Data provided =
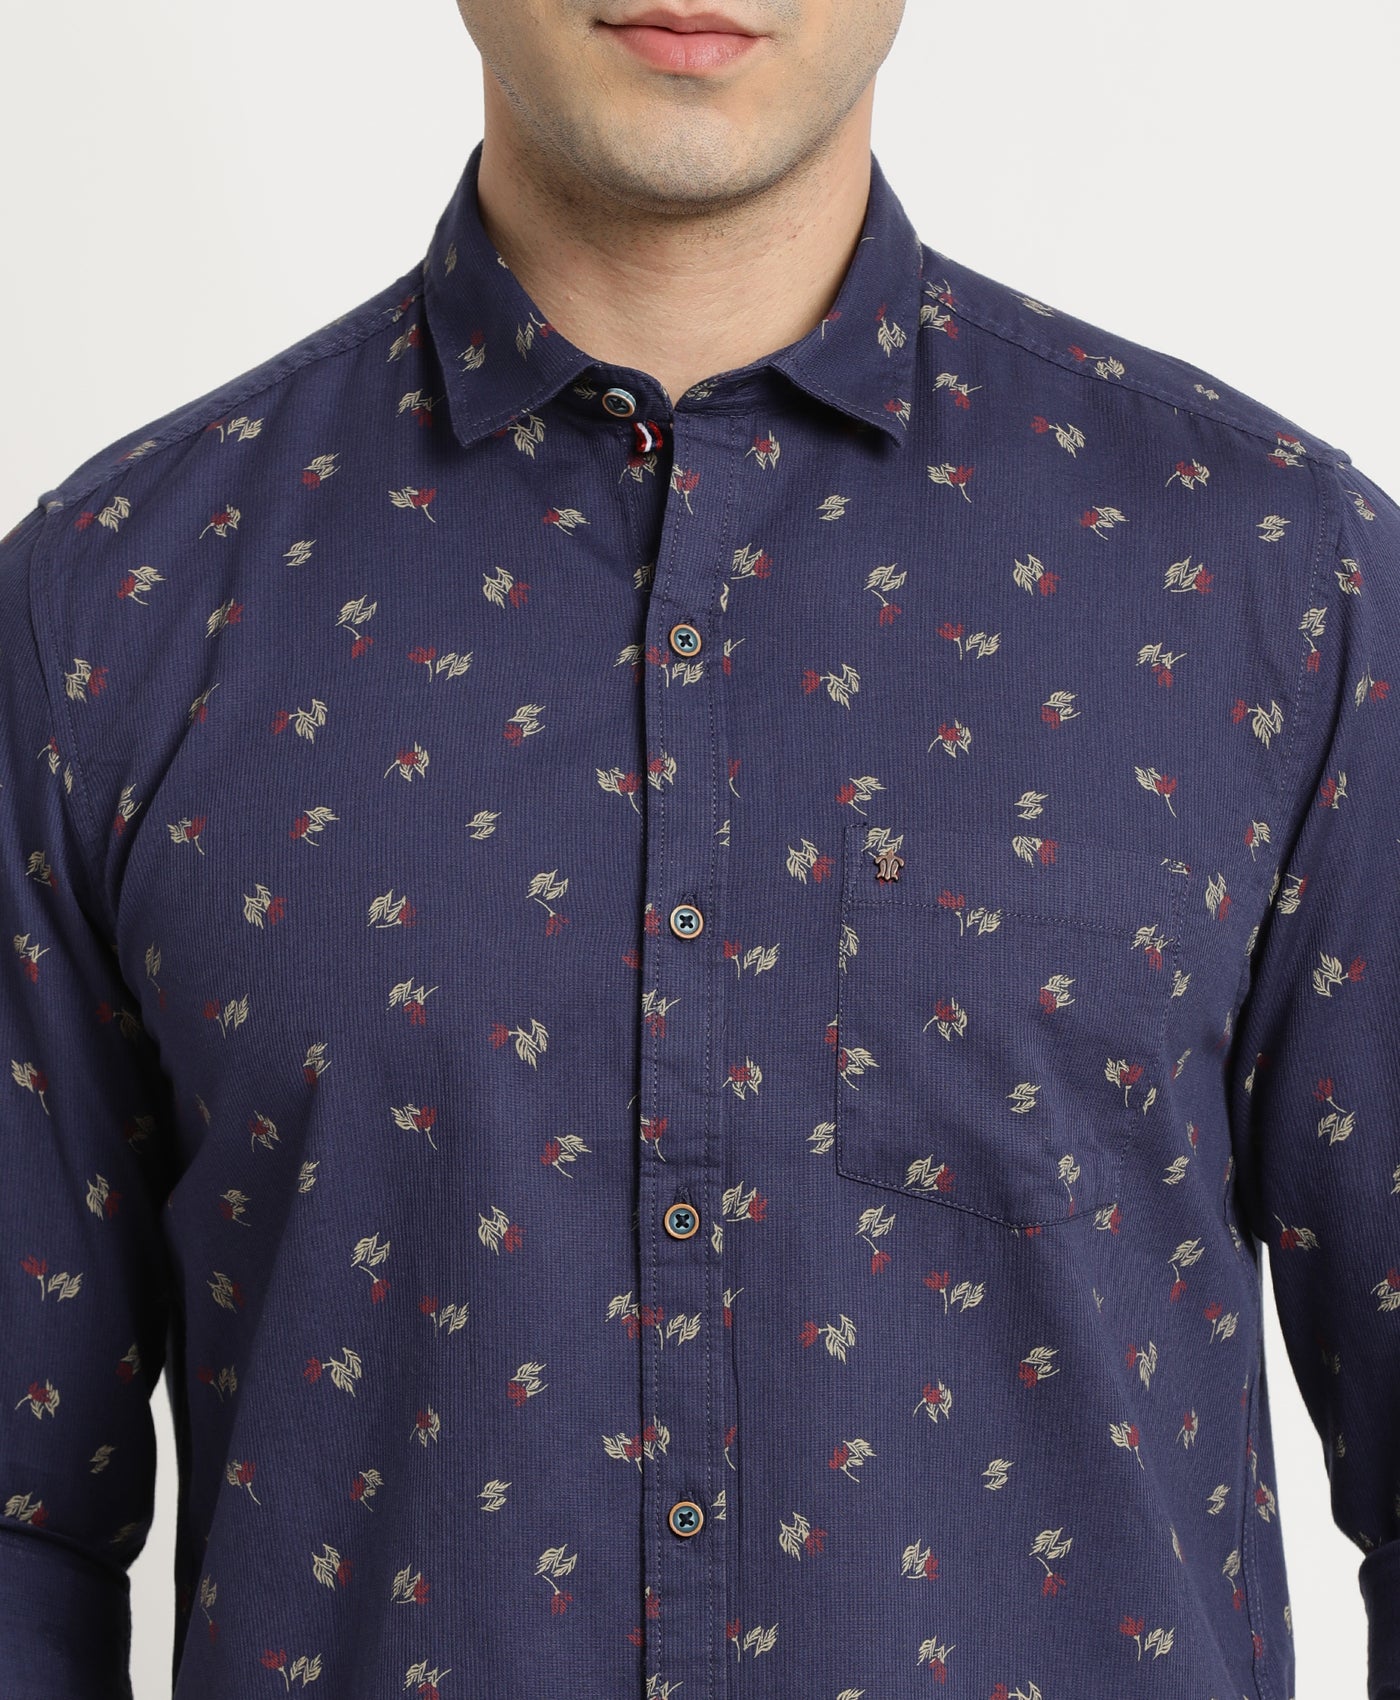 100% Cotton Navy Blue Printed Slim Fit Full Sleeve Casual Shirt
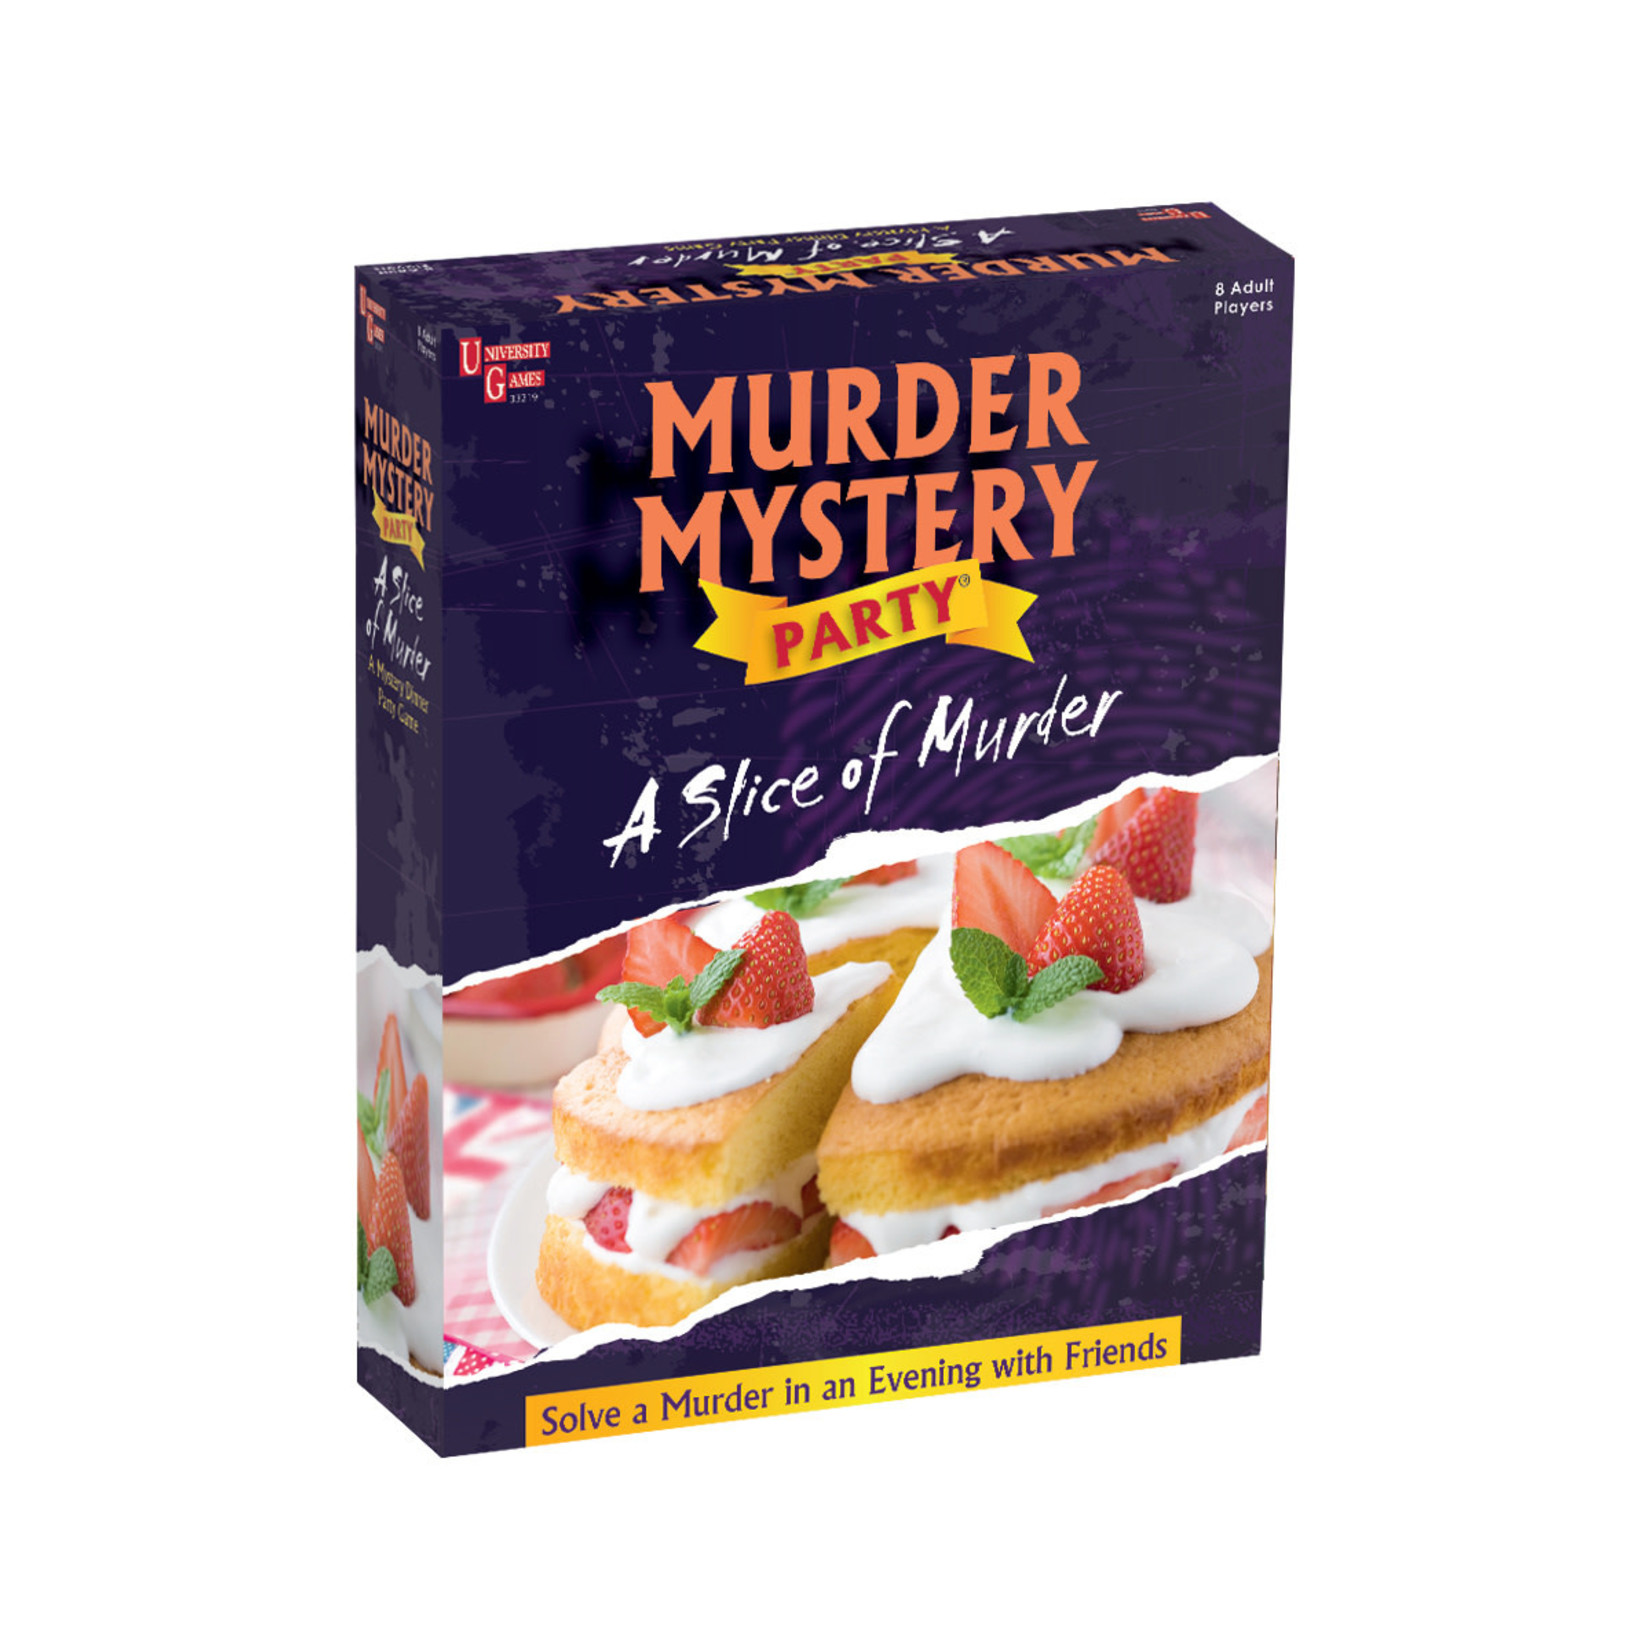 University Games Murder Mystery Party: A Slice of Murder
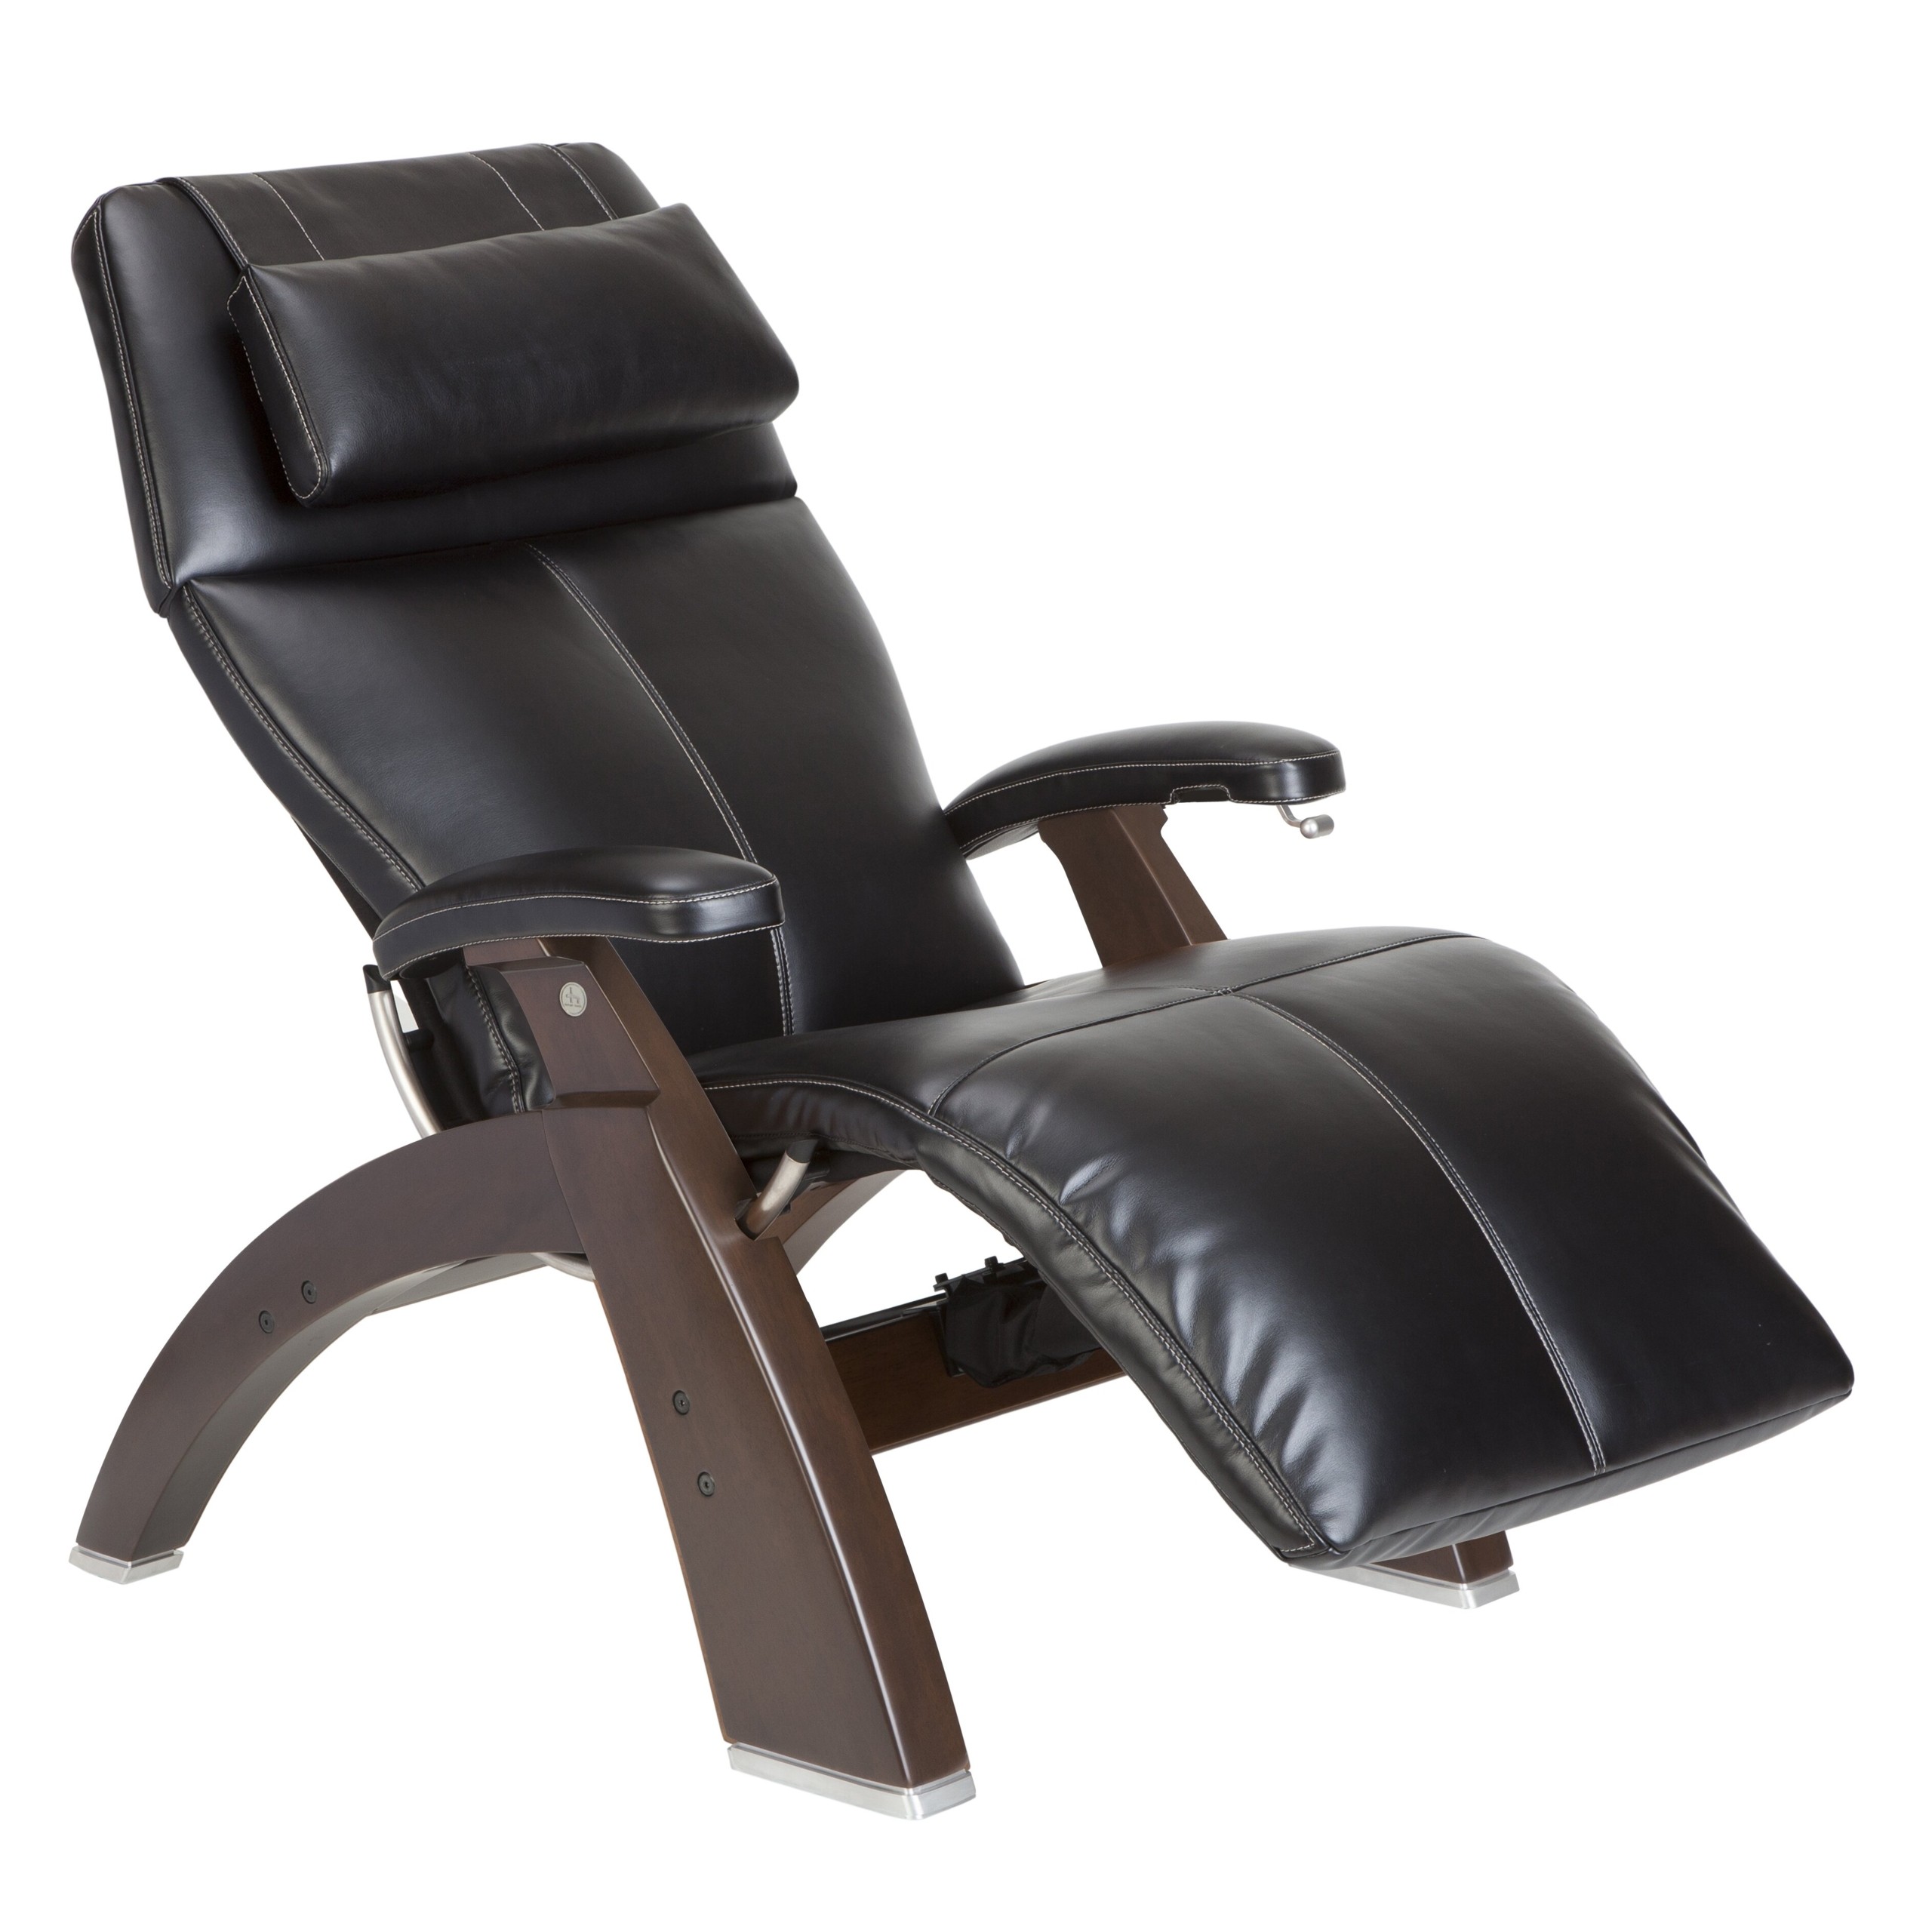 Human Touch Pc 410 Perfect Chair Series 2 Chestnut Manual Recline Wood Base Zero Gravity Recliner Black Vinyl Standard Ground Shipping Included

What needs to be done =
Copy nothing but the lines from the line that contains "University Games Murder" through the end of the listing, exactly, and keep pictures out of it.

Response to this task =
 University Games Murder Mystery Party: A Slice of Murder
 Human Touch Pc 410 Perfect Chair Series 2 Chestnut Manual Recline Wood Base Zero Gravity Recliner Black Vinyl Standard Ground Shipping Included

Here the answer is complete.